Gemini 1.5

Barely a week after announcing Gemini 1.0 Ultra, their most powerful AI chatbot to date, Google and Deepmind announced Gemini 1.5, an apparently massive upgrade.

Context Length

Unless you are an AI professional or fanatical hobbyist it is likely that you will not be entirely clear about what context length is. The simple way to think of it is in terms of the total amount of words in the interaction between a user and the AI. It isn't really measured in 'words' but in 'tokens', the numbers that encode the words, but for everyday purposes 'words' is good enough. Every token represents about 5 characters - letters, spaces, punctuation, etc. - so there are generally fewer words than tokens because it takes more tokens to encode longer words, but you will get my drift. Basically I think you can work on the basis that 1000 tokens is about 800 words 'give or take'.

So suppose you want to interact with an AI and do three things:

upload a document
ask the AI to read and summarise and comment on the document
ask questions about the document

If the document is 1500 words and your 'context length' is 4000, then after it's read the document and you've explained what you want it to do, the chances are that there will only be around 2000 words/tokens left. Your conversation can then only be 2000 words long, and that means counting what you say and ask as well as what the AI says.

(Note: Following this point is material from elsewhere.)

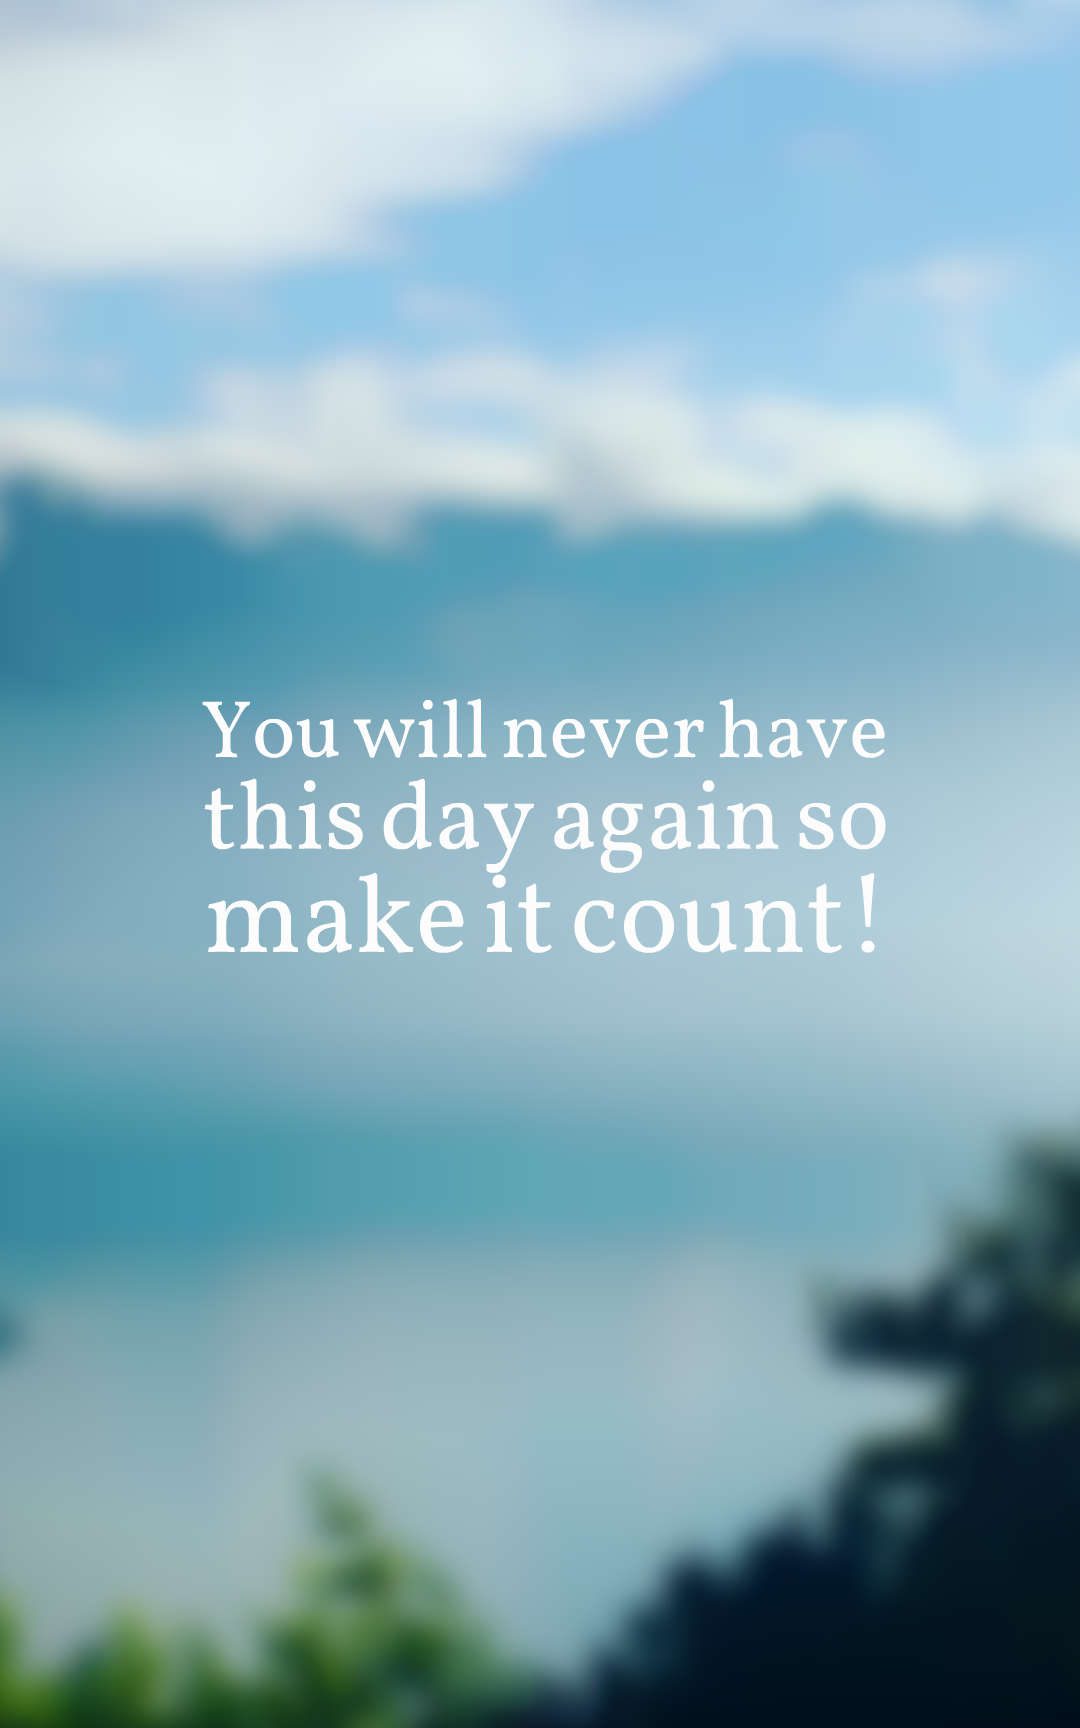 You will never have this day again so make it count!

If your document is much longer, say 3500 words, then after the AI has read it there are only 500 words/tokens left in the context length; barely enough for a decent conversation.

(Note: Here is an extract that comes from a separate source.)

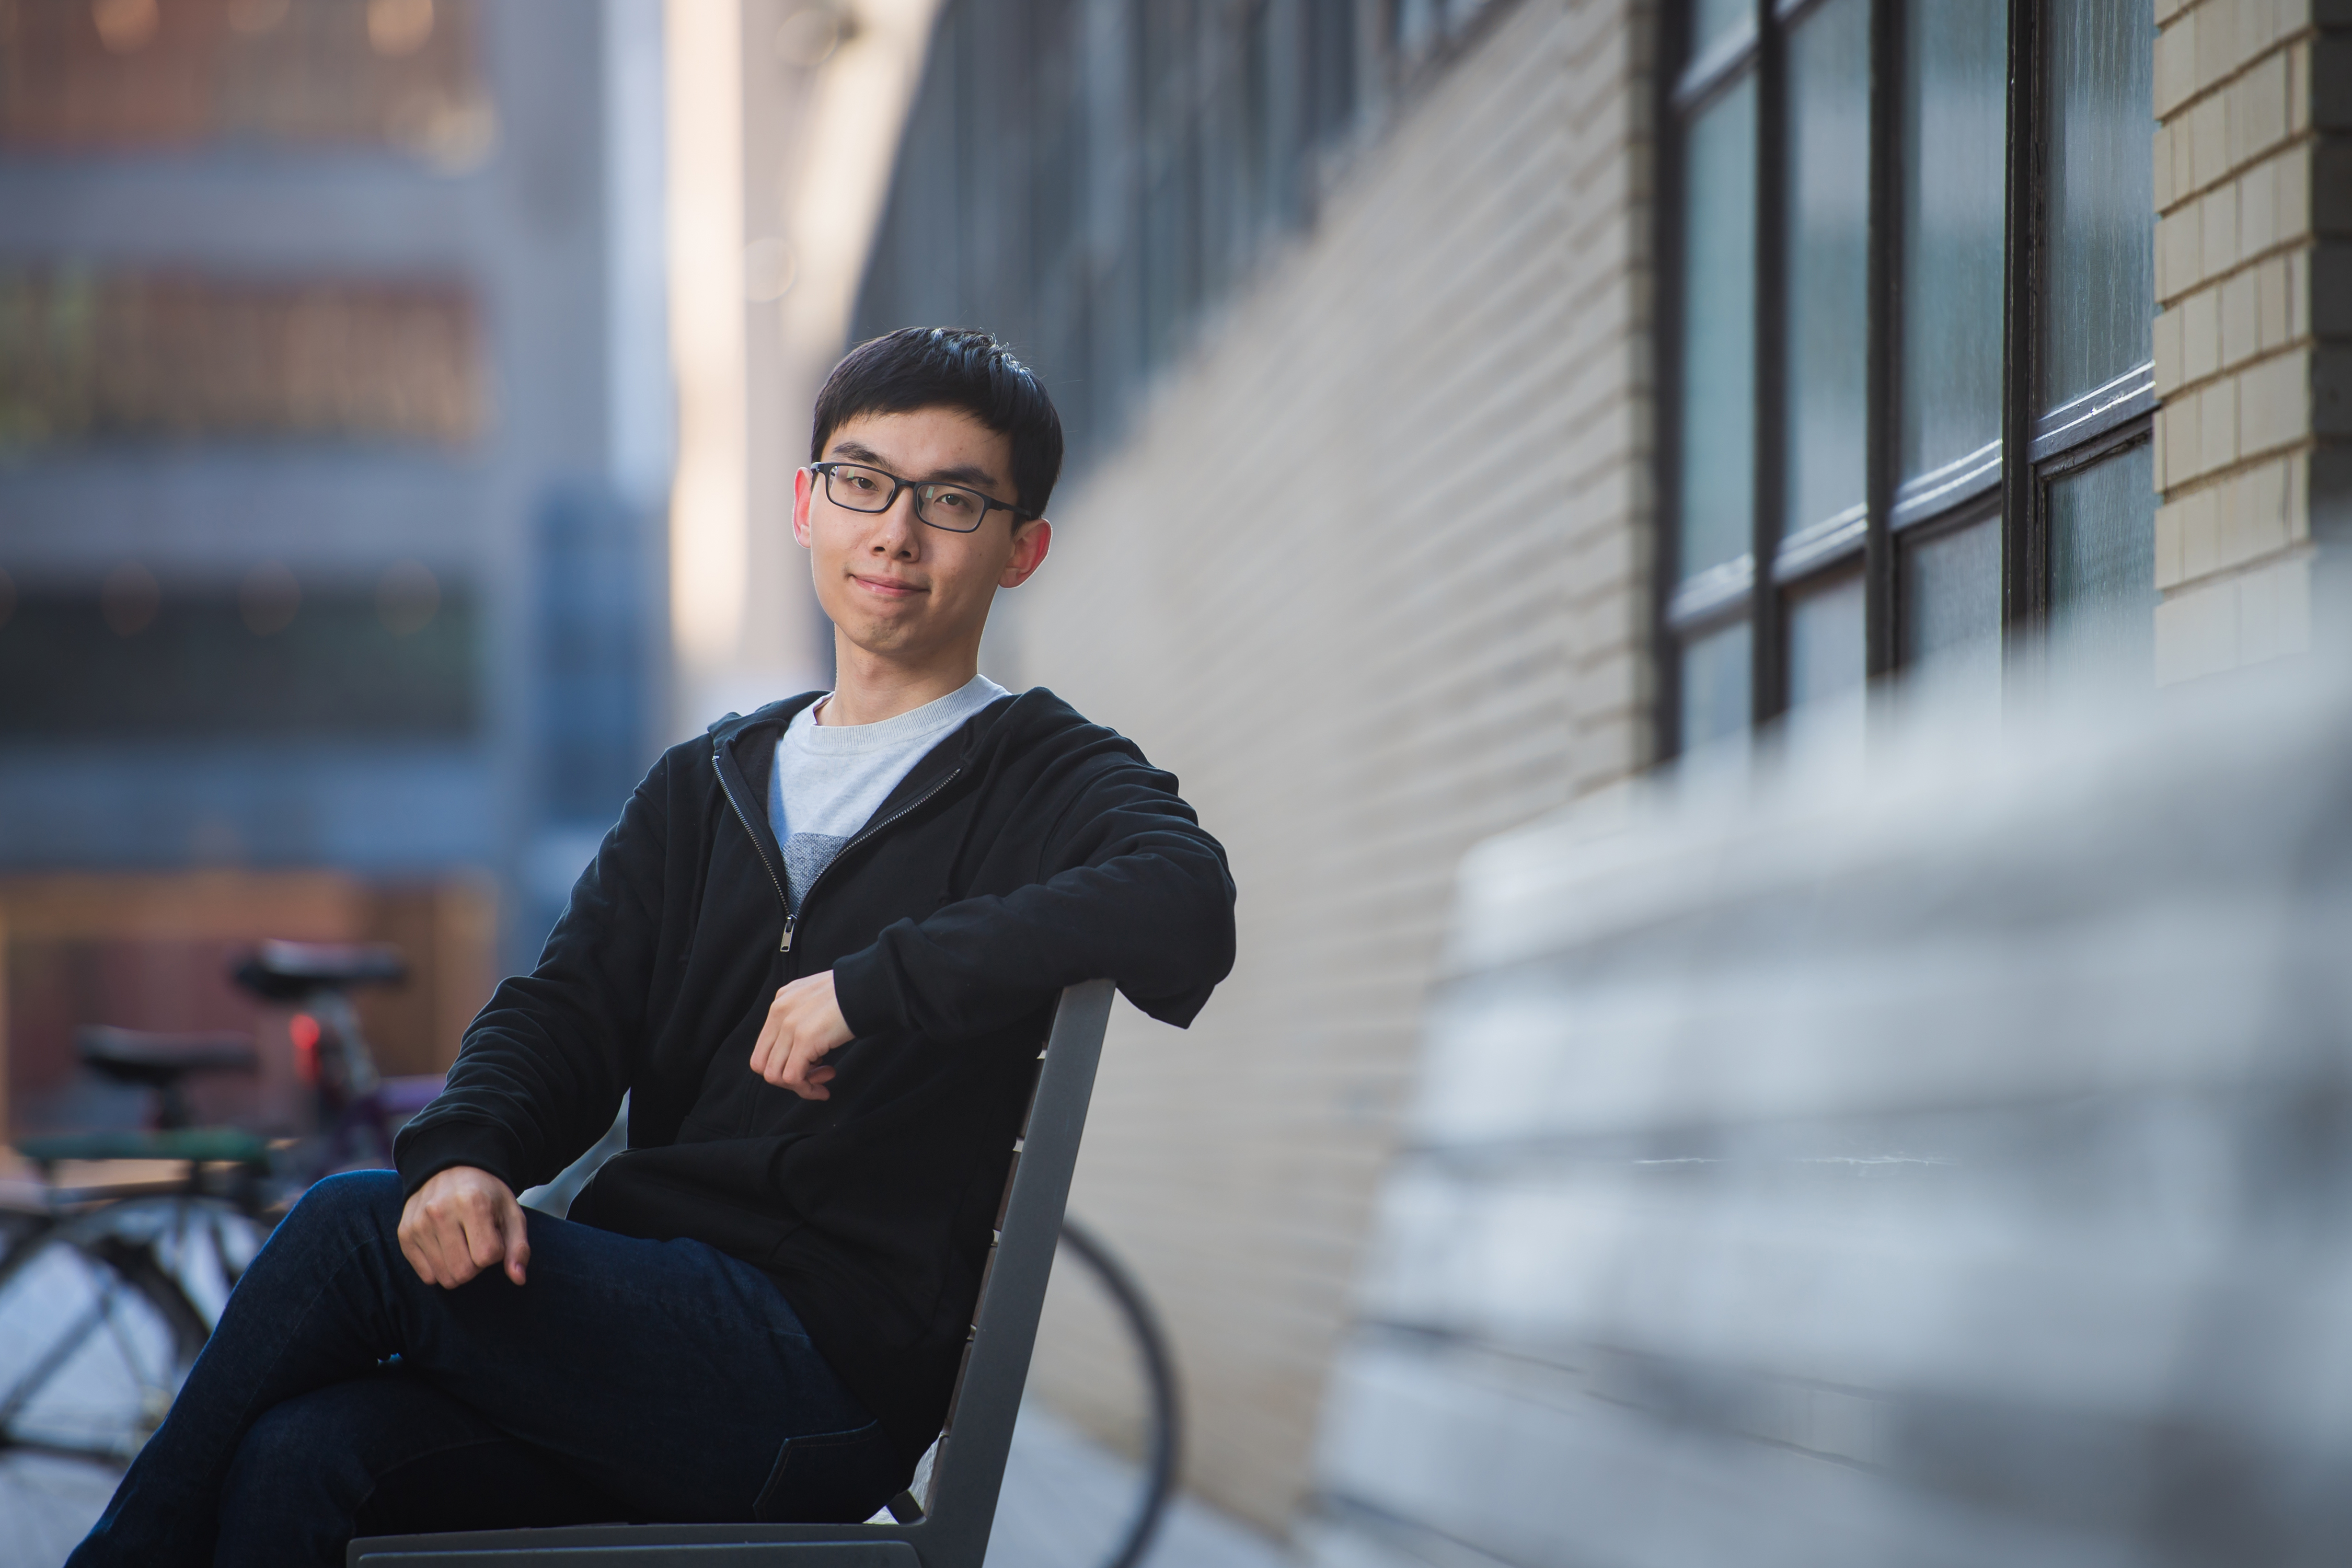 “I’m focusing on the tiniest of things and there’s something really wonderful there,” says Changhao Li. “It’s about nature too, right? If you learn about how this tiny thing works, you can maybe also learn how the bigger things work.”

If your document is 6,000 words, the AI won't be able to read it at all if its context limit is 4000 words. You are dead!

That is why longer context lengths matter. Once we only had about 2048 (2K); then 4096 (4K); then 32768 (32K); then 128K; then Claude 2.1 from Anthropic had a whopping 210K. Claude could read a book of 180,000 words and still have space for a conversation. But that's only one fairly long book. What if you wanted to upload the complete works of some author, or your own life-work? Probably it will be too long.

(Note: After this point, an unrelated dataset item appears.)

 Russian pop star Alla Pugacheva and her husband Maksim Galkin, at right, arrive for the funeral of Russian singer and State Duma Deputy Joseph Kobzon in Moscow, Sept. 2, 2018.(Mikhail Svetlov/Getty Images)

Gemini 1.5 promises to change all that. With a standard 128K context-length it is already 'a beast' comparable to GPT-4.5-turbo, but it promises much more: at first 1 million tokens of context length; eventually 10 million. That is a game-changer: you could upload everything most authors have written all at once and have a long detailed conversation about it afterwards.

But that is not all. Not by a long chalk!

Multimodal Operation

So far I have only mentioned text but Gemini 1.5 does far more than text. It can analyse images, video and audio files, extracting information from them that satisfies the 'needle-in-a-haystack' criterion (below). It can translate, learn new languages, interpret rough hand-drawn sketches only vaguely recognisable for what they are. If you were writing a PhD on Kant, you could upload the entire Kant corpus and then some, ask it innumerable questions and get authoritative, cross-referenced answers.

Education

Now we can start to think seriously about a pan-curricular personal tutor because the entire syllabus content of secondary education can be uploaded and everything a student does cross-referenced against it to create a comprehensive personal profile. The RIDE-AI server will store that profile, update it, write reports based on it, and generally monitor the educational journey of every student in a way that no teacher has ever been able to do.

Cost

Apart from the cost of the hardware needed to run such systems, there is a much more serious question about access costs. Users are charged on the basis of the total token consumption of their interaction, and that is where something new needs to happen before using 10 million tokens becomes affordable.

OpenAI charge (20240221 prices) \$0.01 per 1000 tokens input and \$0.03 per 1000 tokens output. So if we upload 1,000,000 tokens at that price it costs 1000x0.01 = \$10, or, for 10 million tokens, \$100. Responses from the AI in those quantities will cost 3 times as much. That's a lot of money if we are doing a lot of it! And of course there are questions about reloading data and how much that costs that I won't go into here.

Accelerated Change

By the time you read this it will be out of date. A week is a long time in AI. OpenAI have just announced Sora, their text-to-video engine, and it seems likely to overwhelm traditional film-making. The only question is whose imagination is big enough to capitalise on these extraordinary developments from an educational perspective. Or any other.